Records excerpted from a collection
"""

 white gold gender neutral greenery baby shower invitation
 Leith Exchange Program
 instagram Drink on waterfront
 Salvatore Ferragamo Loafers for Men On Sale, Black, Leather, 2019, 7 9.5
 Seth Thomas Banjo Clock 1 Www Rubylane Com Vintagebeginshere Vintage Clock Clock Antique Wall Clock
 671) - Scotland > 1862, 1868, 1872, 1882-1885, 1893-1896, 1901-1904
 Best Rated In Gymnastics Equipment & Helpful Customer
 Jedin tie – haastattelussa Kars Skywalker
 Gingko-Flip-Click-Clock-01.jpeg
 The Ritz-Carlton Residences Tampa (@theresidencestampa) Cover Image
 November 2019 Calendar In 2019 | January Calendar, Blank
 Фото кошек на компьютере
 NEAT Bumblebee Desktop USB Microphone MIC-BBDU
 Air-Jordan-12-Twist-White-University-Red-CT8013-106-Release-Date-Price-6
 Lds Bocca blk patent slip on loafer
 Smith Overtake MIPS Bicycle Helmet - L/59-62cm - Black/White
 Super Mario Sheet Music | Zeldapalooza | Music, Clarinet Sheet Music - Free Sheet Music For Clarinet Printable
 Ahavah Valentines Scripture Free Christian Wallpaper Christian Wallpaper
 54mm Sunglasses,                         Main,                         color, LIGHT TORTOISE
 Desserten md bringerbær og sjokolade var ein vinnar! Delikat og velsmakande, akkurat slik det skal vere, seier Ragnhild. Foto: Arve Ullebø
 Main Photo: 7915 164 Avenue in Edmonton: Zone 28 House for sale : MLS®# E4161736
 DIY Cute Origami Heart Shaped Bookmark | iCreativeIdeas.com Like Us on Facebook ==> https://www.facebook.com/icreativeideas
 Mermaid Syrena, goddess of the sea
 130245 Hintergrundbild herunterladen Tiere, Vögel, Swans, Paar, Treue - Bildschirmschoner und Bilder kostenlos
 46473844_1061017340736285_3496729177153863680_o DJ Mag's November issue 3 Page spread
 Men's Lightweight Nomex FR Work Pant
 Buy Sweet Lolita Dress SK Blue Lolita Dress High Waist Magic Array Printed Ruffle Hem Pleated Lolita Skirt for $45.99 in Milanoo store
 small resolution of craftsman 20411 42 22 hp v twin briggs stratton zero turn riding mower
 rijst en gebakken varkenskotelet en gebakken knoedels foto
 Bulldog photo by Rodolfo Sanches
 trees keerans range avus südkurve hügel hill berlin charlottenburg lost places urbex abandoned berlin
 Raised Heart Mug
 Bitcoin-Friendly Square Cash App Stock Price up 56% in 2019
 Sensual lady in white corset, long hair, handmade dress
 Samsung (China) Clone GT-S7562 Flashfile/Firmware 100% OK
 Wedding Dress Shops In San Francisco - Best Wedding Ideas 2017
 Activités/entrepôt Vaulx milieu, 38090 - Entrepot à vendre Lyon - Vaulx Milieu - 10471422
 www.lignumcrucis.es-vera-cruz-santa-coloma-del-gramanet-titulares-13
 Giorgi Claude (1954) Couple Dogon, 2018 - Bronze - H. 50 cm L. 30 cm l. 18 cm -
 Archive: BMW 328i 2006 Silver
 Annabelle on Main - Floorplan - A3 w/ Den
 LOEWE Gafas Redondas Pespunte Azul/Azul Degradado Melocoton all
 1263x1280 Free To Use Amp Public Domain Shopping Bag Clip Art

"""

Above are the records; please copy exactly their first line and each line after it through the line containing "Salvatore Ferragamo Loafers", and no line after that.

 white gold gender neutral greenery baby shower invitation
 Leith Exchange Program
 instagram Drink on waterfront
 Salvatore Ferragamo Loafers for Men On Sale, Black, Leather, 2019, 7 9.5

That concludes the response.